Whether you’re searching for a youtube video or an article via google, one thing is certain. Everyone is convinced Kraft Mac and Cheese will kill us all. First, the misleading but apparently omniscient Food Babe convinced people that Kraft had toxins in their food – I’d rather not link to her site and give her the clicks, so let’s sum it up to this sentence taken from one of her many articles about the company:
Kraft is using this new campaign to distract people’s attention away from the petroleum based artificial dyes they use in Mac & Cheese to hot sexy abs.
If that’s not some esoteric, cult-like language, I don’t know what is. We already know she endorses her products because of those affiliate links, but her behavior has always been reminiscent of that of a self-centered, spoiled brat who thinks she’s right about everything.
As if that nonsense wasn’t bad enough to deal with – and yes, Kraft did change their recipe as they had already been planning before her bogus petition of “a quarter of a million” signatures – a phrase that people like Vani Hari (Food Babe) use, instead of actual numbers, to convince you that their following is larger than it is – but just recently there was an article by the New York Times, regarding the phthalates in our dear old Mac and Cheese!

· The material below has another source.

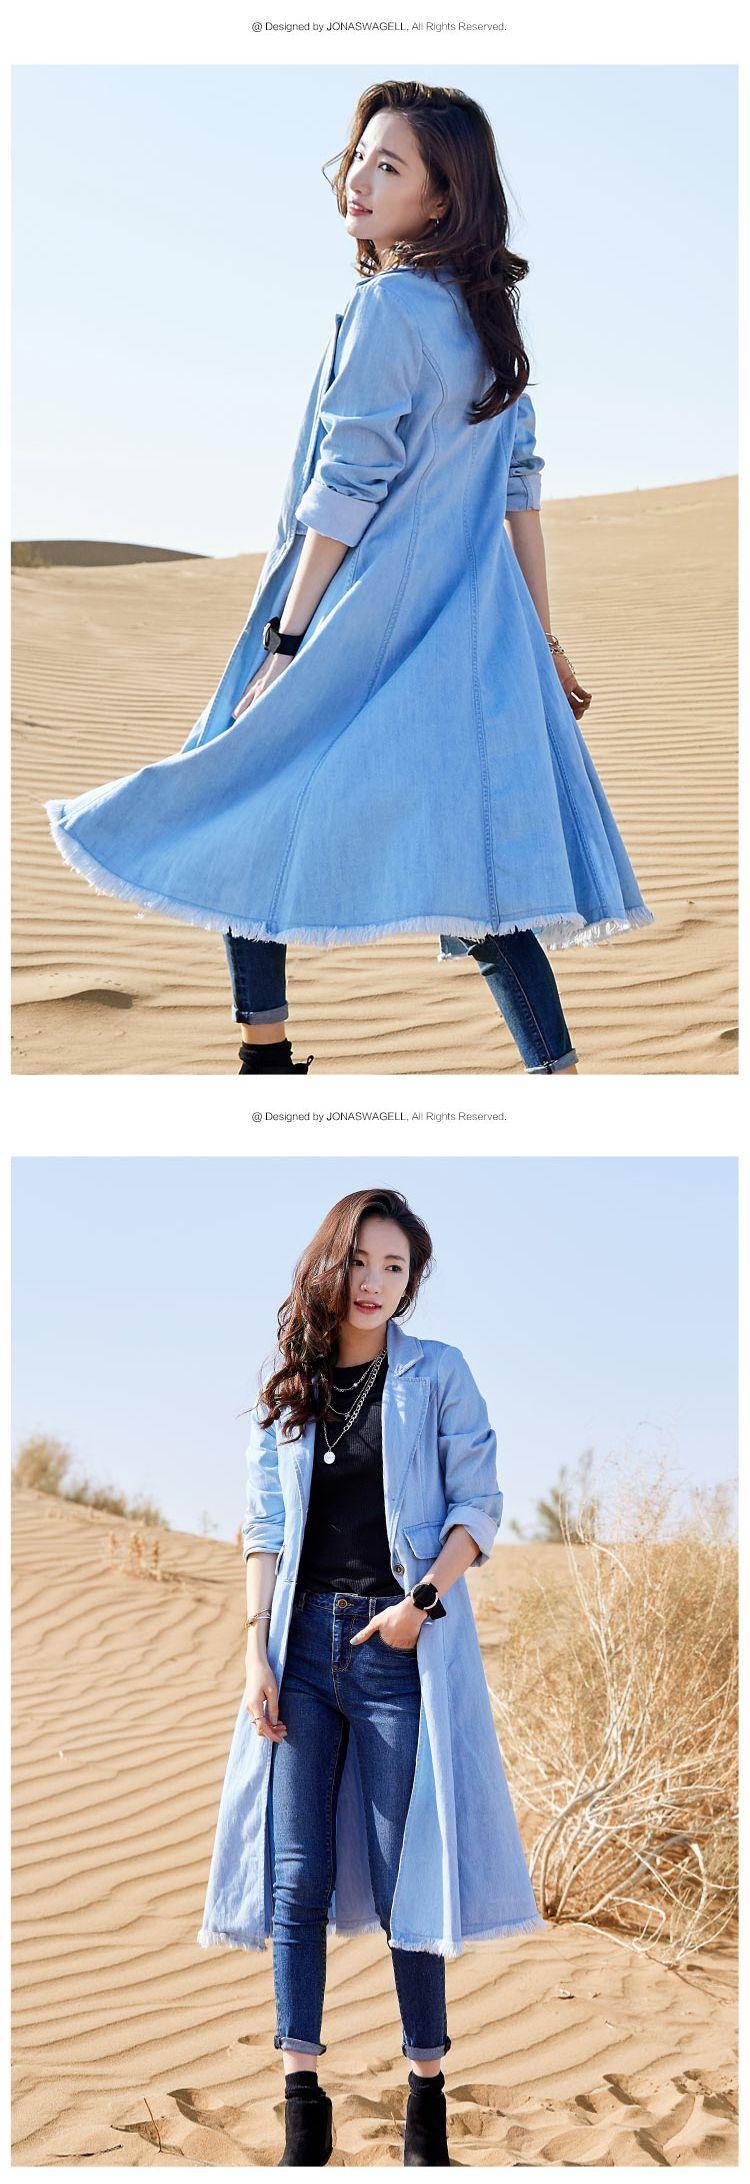 浅蓝色牛仔风衣
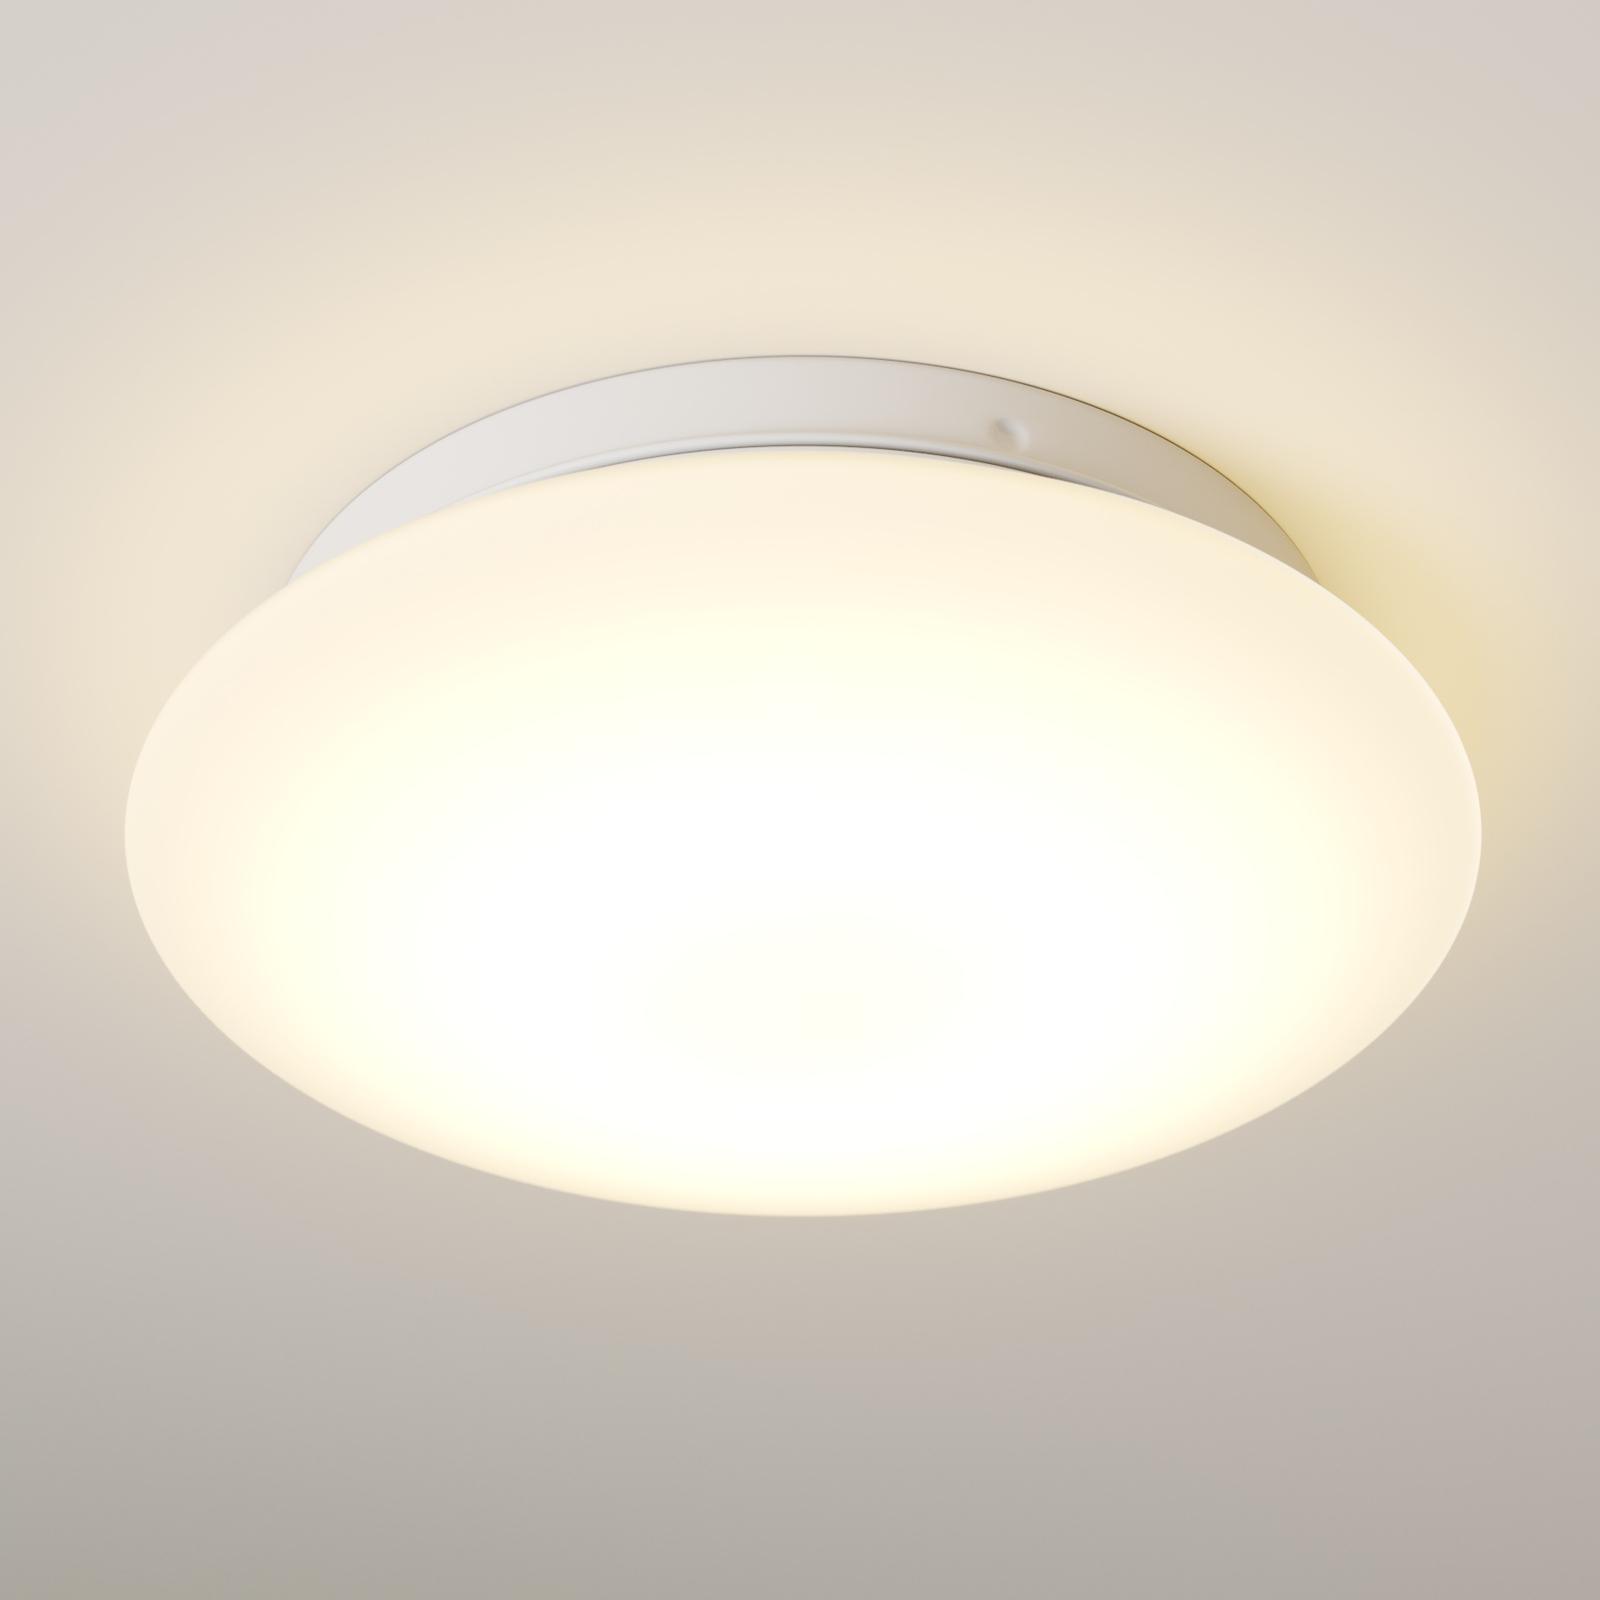 Arcchio Solomia plafonnier LED, capteur, 3000K

Before we get into that, let’s discuss what phthalates are. The exact definition won’t tell you much unless you’re a chemistry whiz (and we love all of you chemists out there, truly).
Let’s just keep it simple by stating what the purpose of a phthalate is: it’s used to increase the flexibility and durability of what it’s added to – mostly plastics. To say that a chemical found both in a food item and non-food item is automatically toxic would be irresponsible, and completely untrue.
In high doses, yes phthalates can cause harm, to pregnant women and their unborn children, as the article stated. However, it’s worth noting that the article doesn’t even bother to mention the dose at which the mac and cheese would need to be consumed in order to cause any damage at all! After all, the dose makes the poison. Not the other way around.
For example, a glass of Merlot with my dinner is not going to harm me; in fact, it has its benefits. An entire bottle might cause some judgment impairment, a serious hangover in the morning and, with continued alcohol use, could lead to cirrhosis and other organ problems. That one glass of Merlot, though, will have zero negative impact on my health.
In addition to the misinformation being spread, you should pay attention to where the study was published, the study that the New York Times had written the misleading article about. It came from a group called kleanupkraft.org, which doesn’t list a single scientist as its author. It doesn’t seem to directly name anyone, and I can’t get behind a “movement” like that; one which blatantly misleads consumers of a product it’s rallying against, with little evidence to back its claims.
How did so many news outlets manage to write articles and make videos about this study without even checking the source? The same way Vani Hari convinces people of what to eat and what not to eat… Fear mongering!
People buy into what you’re saying when you use terms like toxic, chemicals, and anything as long as your words seem like you can back up what you say… even if you can’t. It takes a certain kind of charisma (and lack of moral code) to steer people away from a harmless product that they once enjoyed.
But hey, Vani Hari of Food Babe needs to earn her paycheck like the rest of us, doesn’t she?